-- Problem to work on --
Your answer should hold exactly the lines beginning with the one that contains "Mona Lisa Framed, Leonardo" and ending with the last line of the material, both included. Leave every picture out.

-- Data excerpt --
--*--
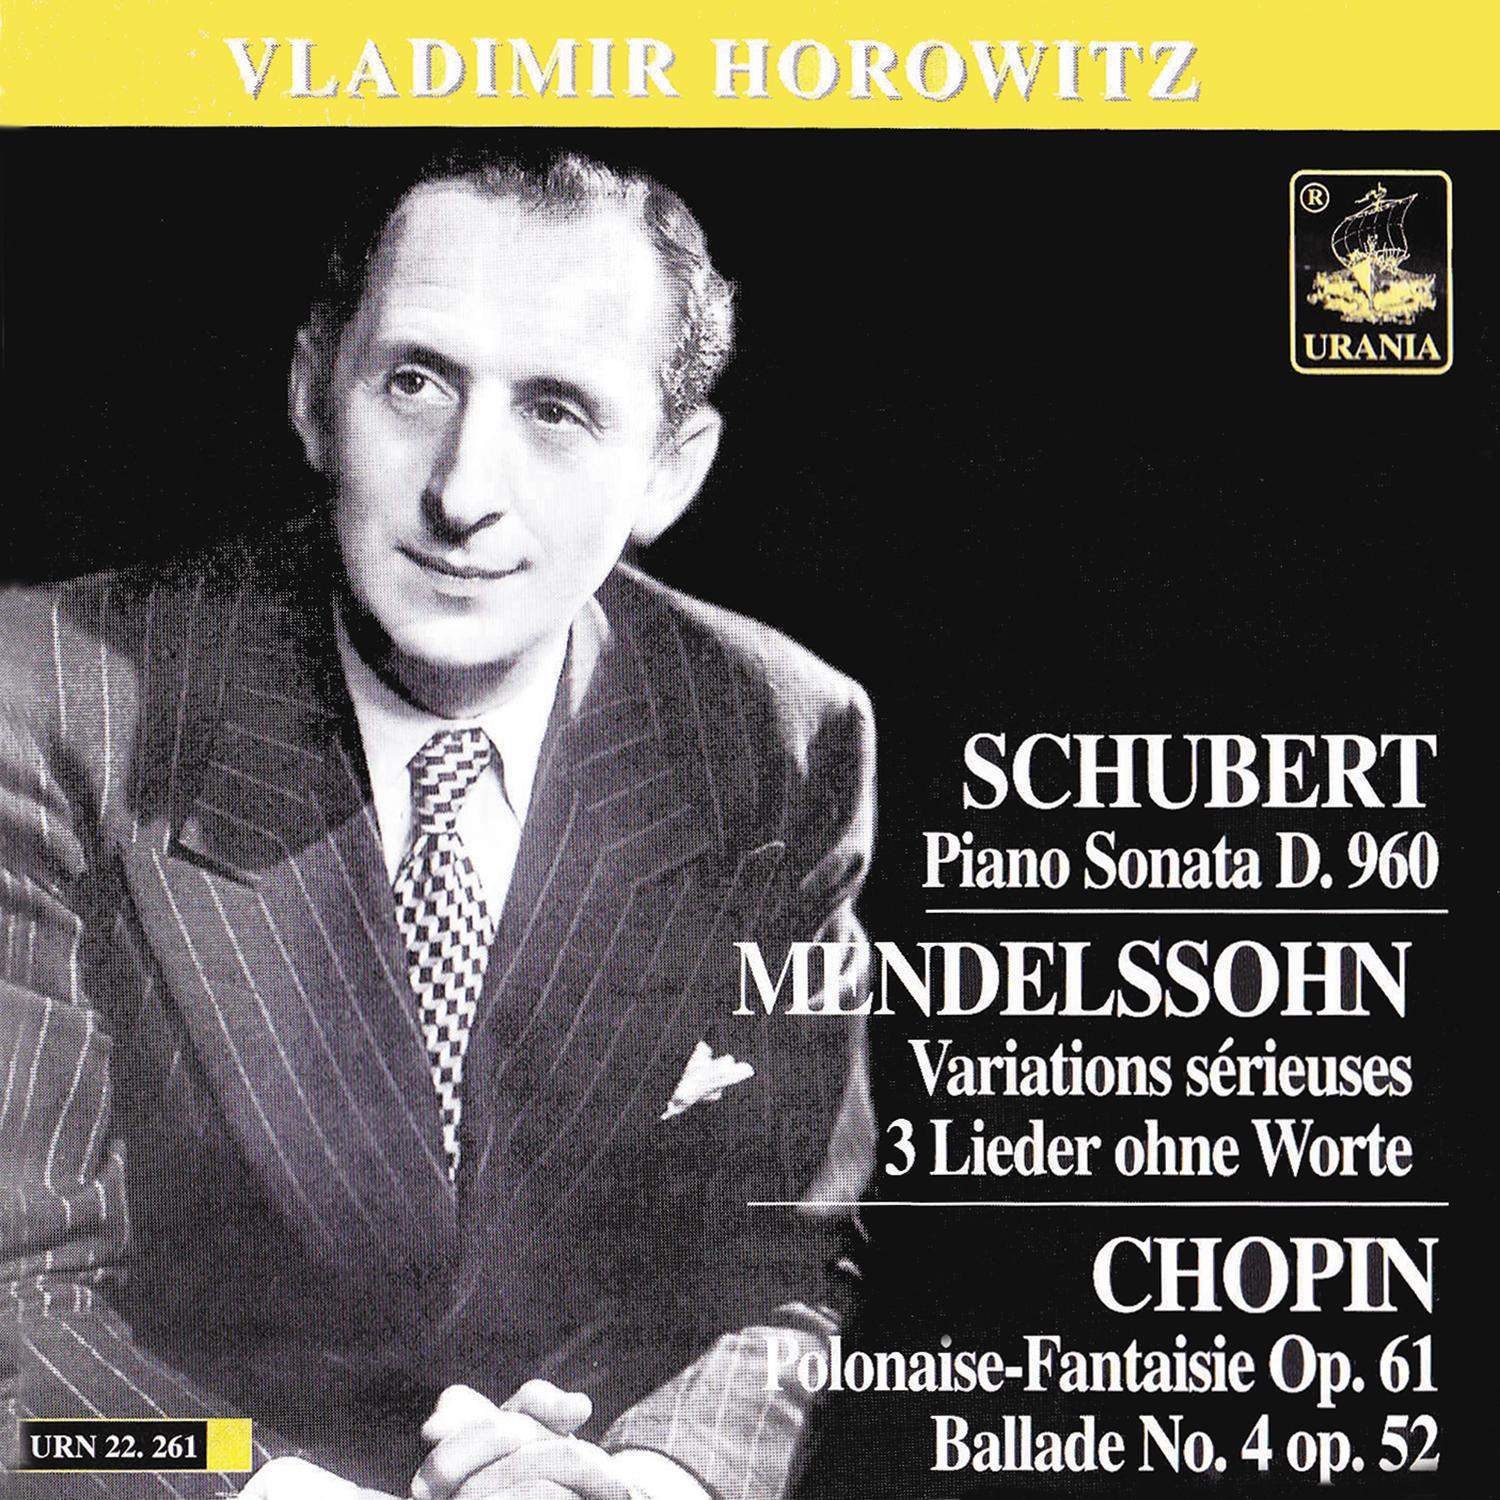 Schubert: Piano Sonara, D. 930  Mendelssohn: Variations Se rieuses  3 Lieder  Chopin: PolonaiseFantasie  Ballade No. 4
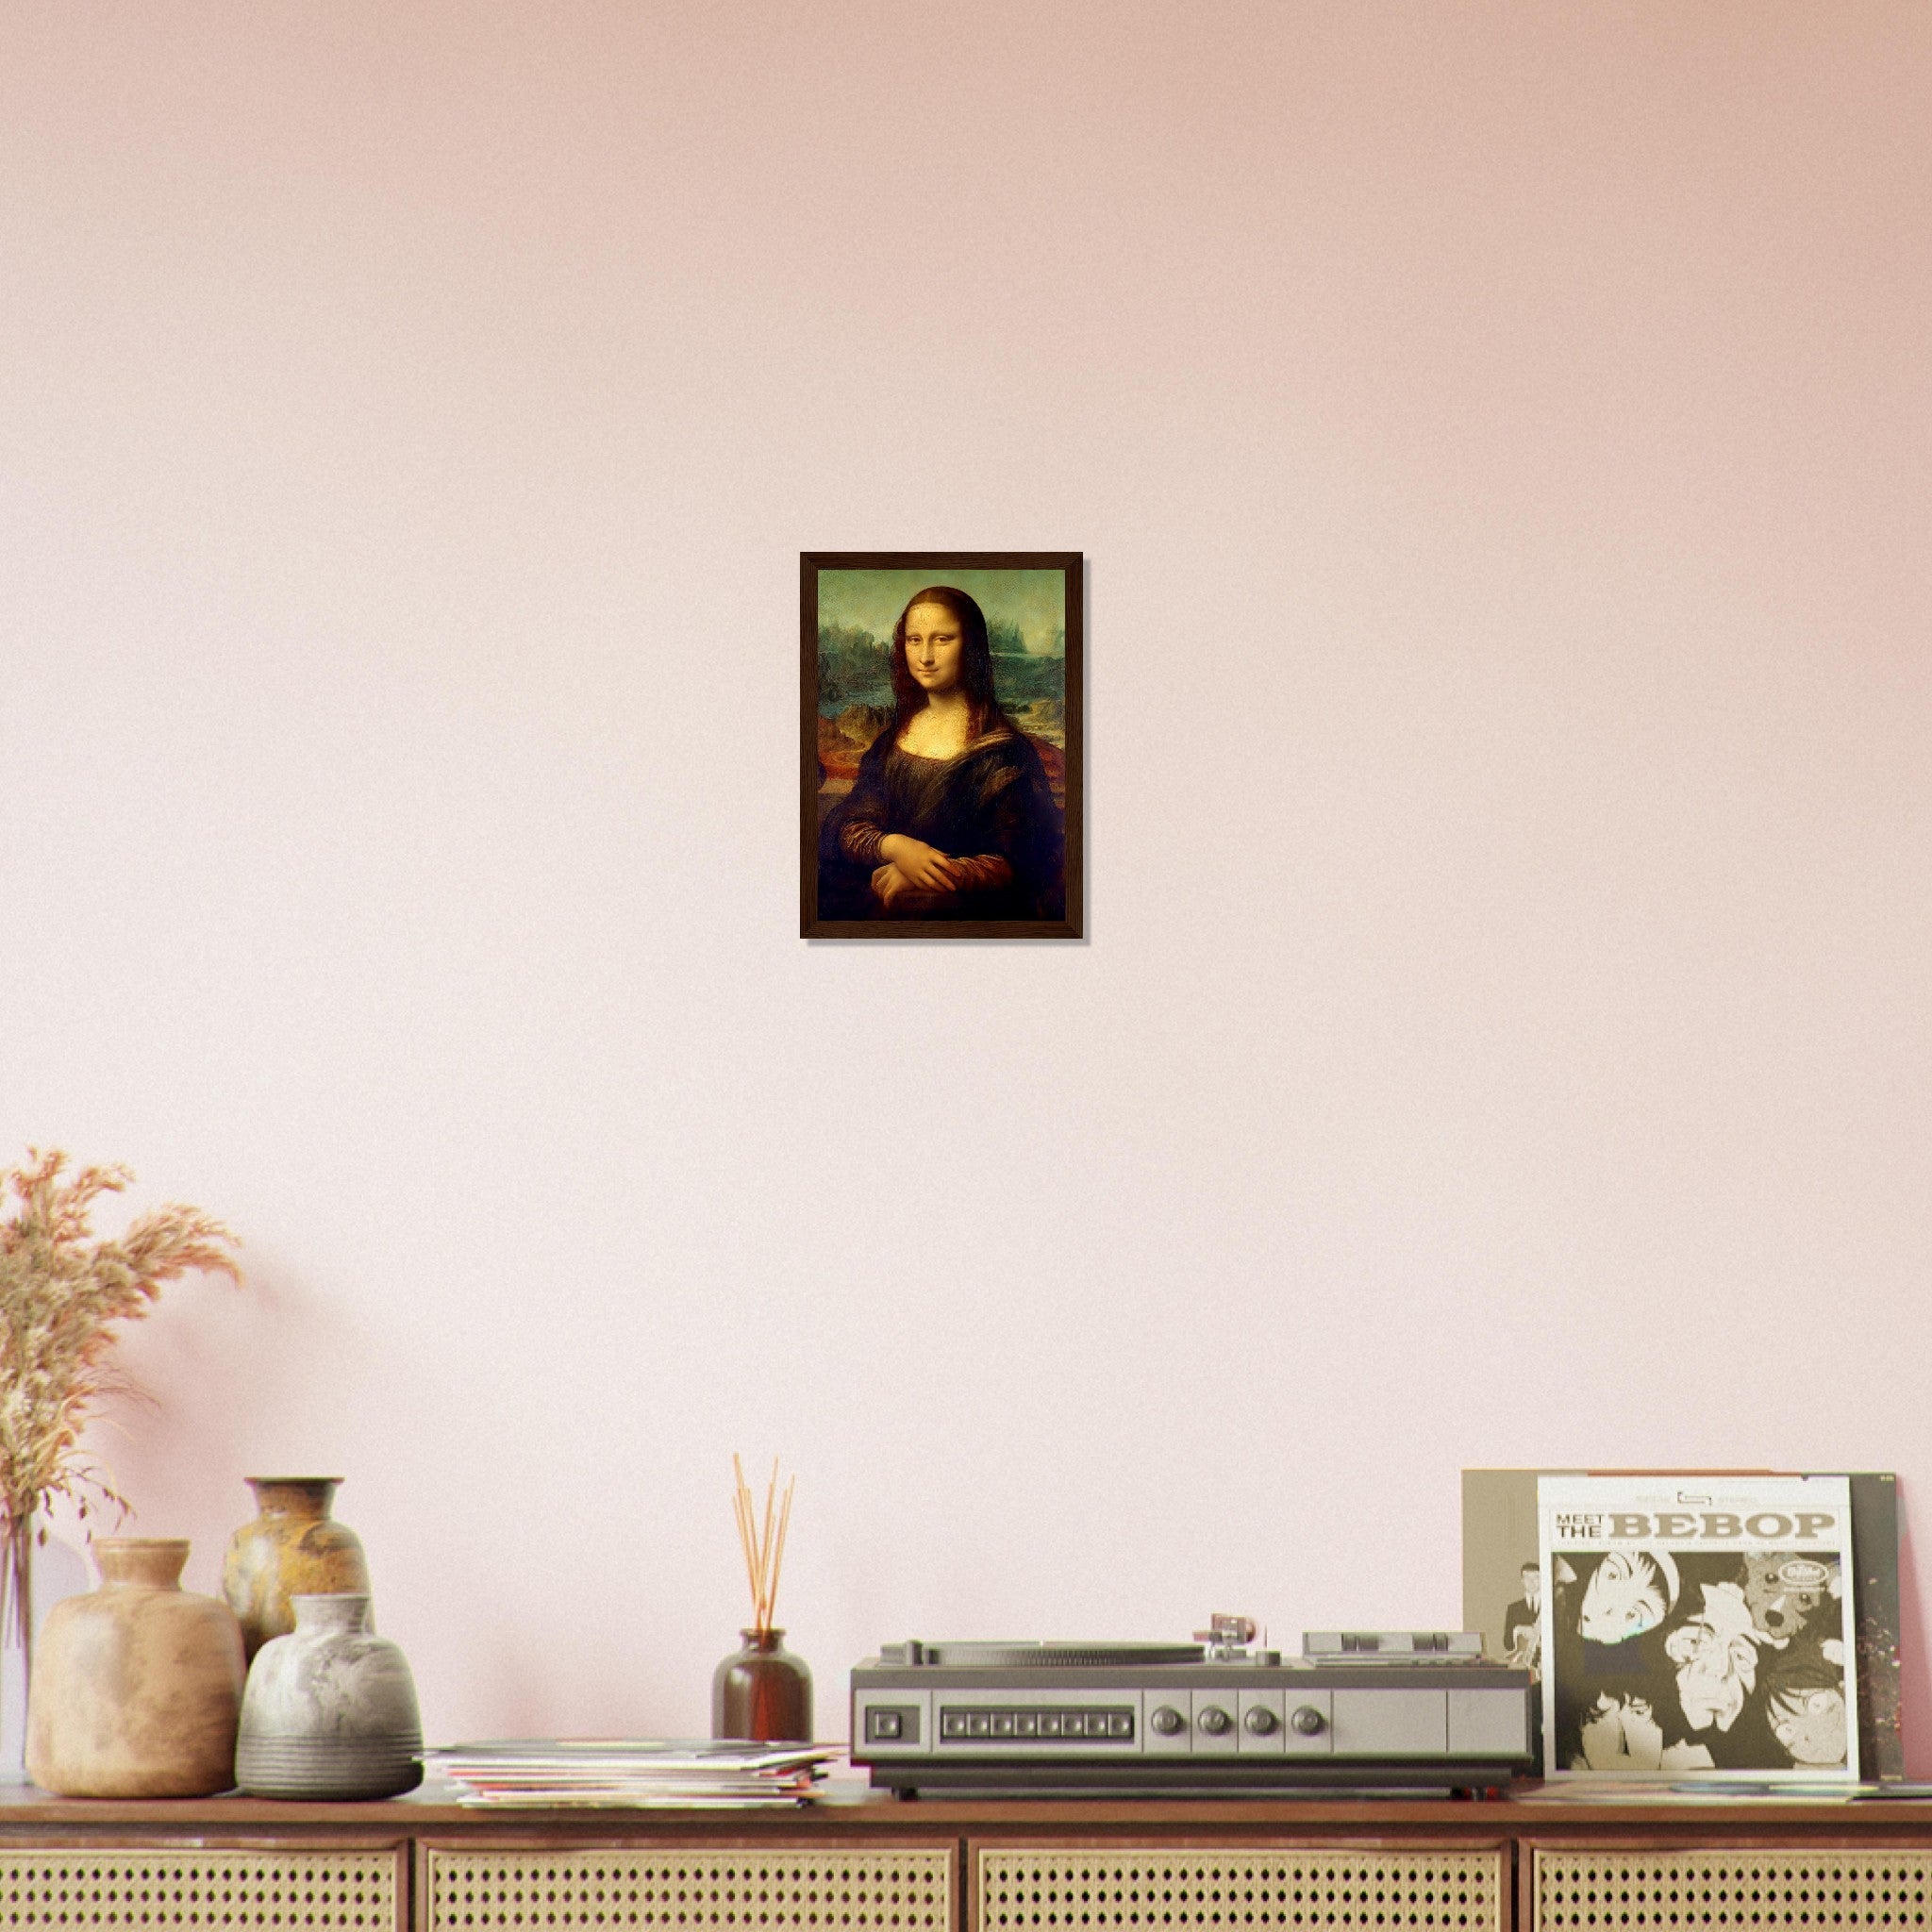 Mona Lisa Framed, Leonardo Da Vinci - Mona Lisa Framed Print - ReFramed Print - WallArtPrints4U
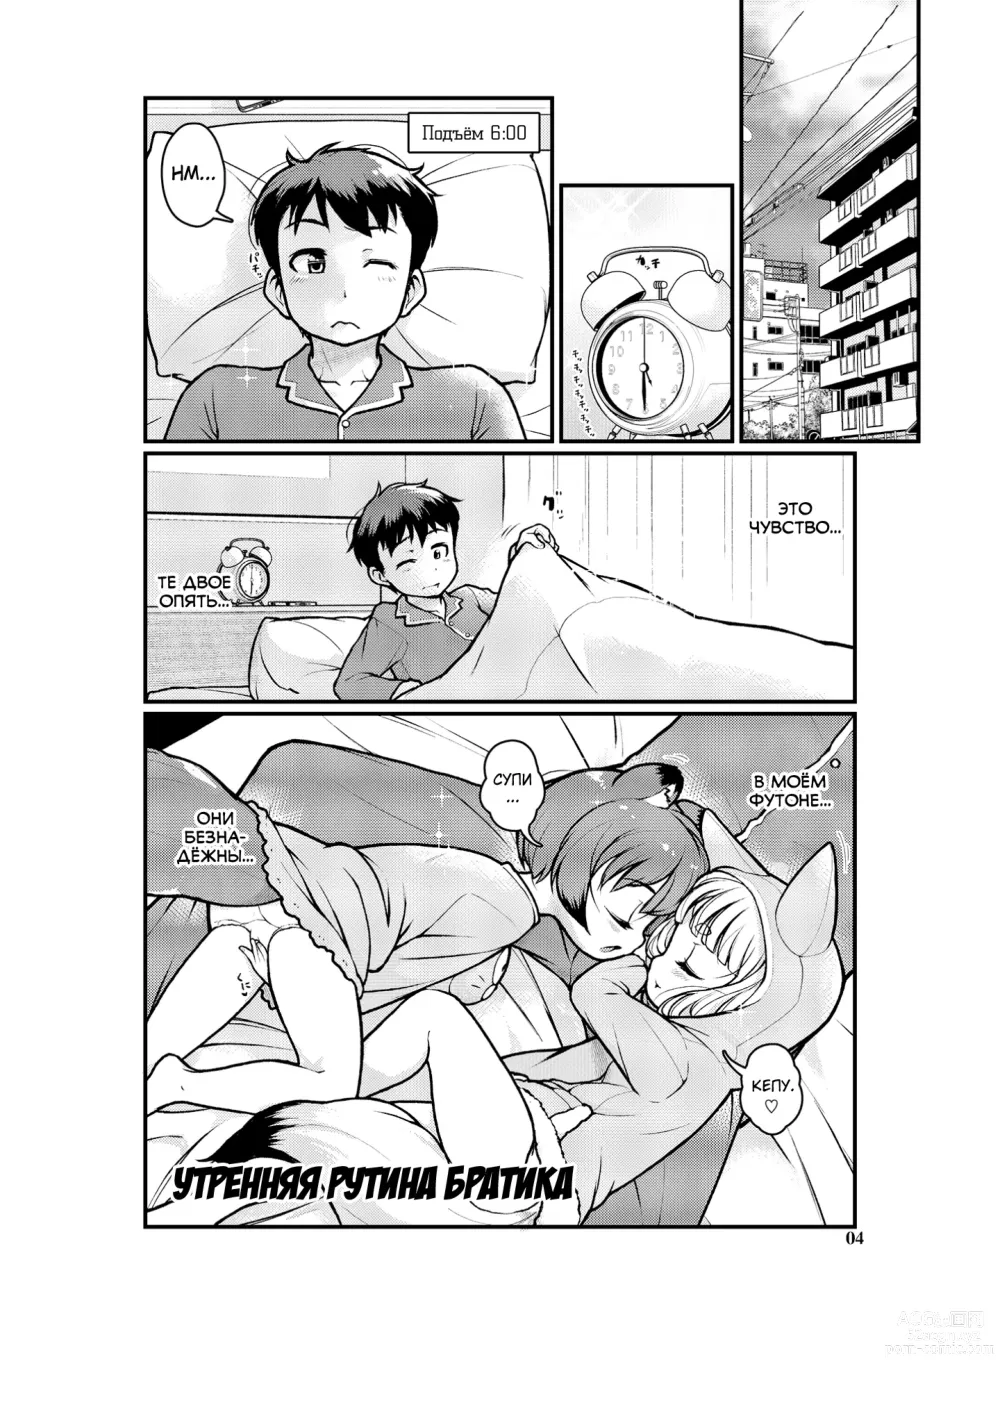 Page 4 of doujinshi KemoMimi Morning Routine 1
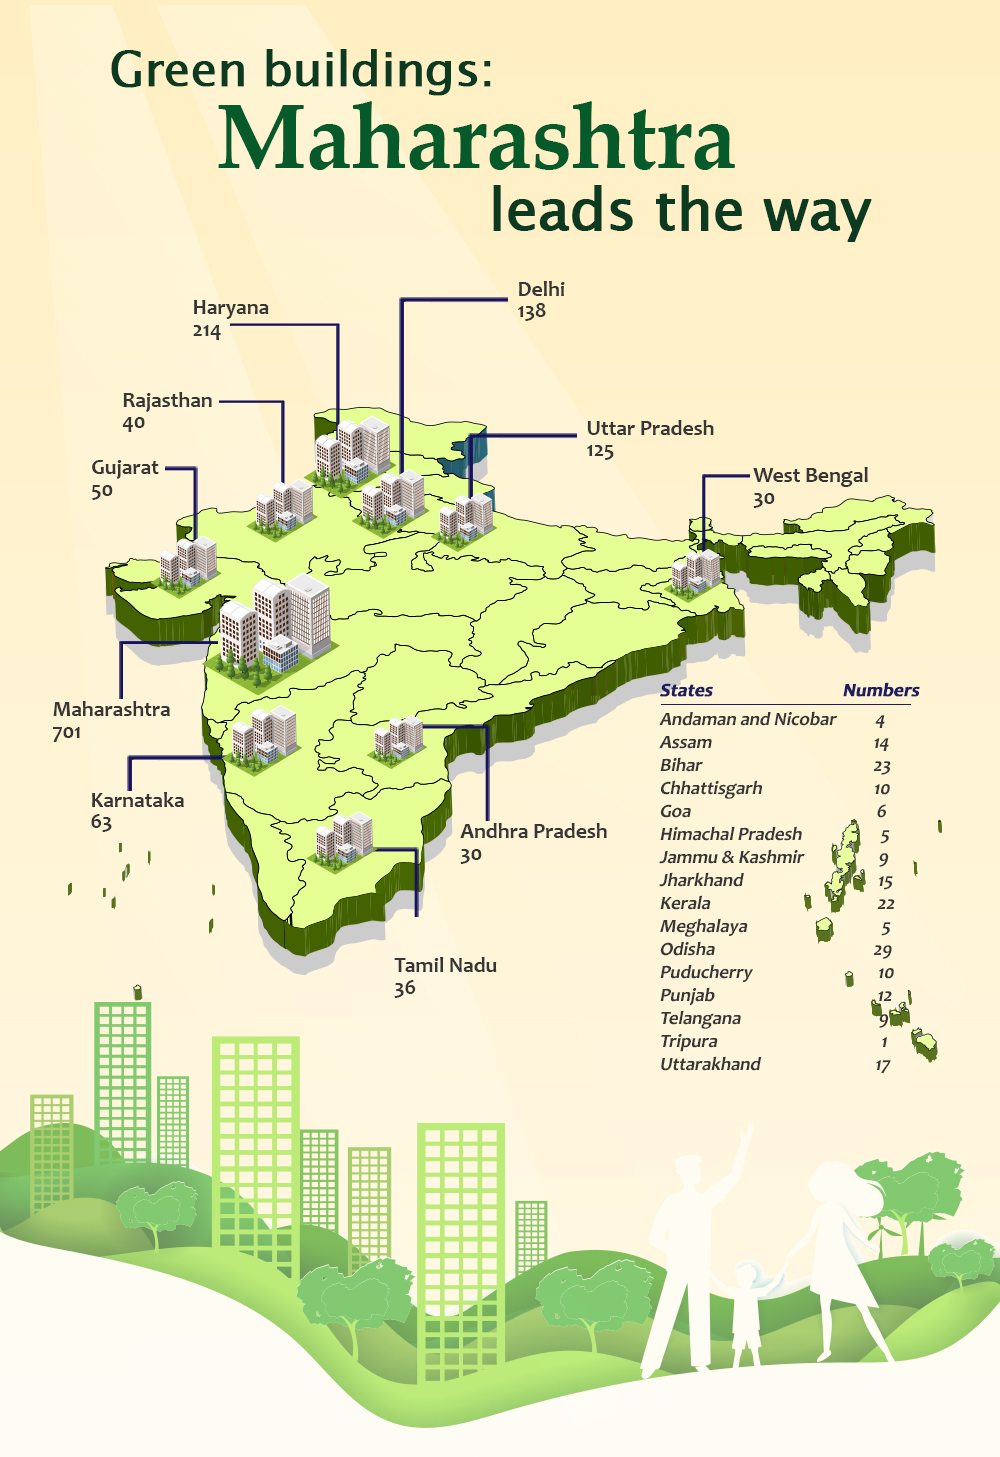 Green buildings - Maharashtra leads the way
--*--
-- Response area --
 Mona Lisa Framed, Leonardo Da Vinci - Mona Lisa Framed Print - ReFramed Print - WallArtPrints4U
 Page 4 of doujinshi KemoMimi Morning Routine 1
 Green buildings - Maharashtra leads the way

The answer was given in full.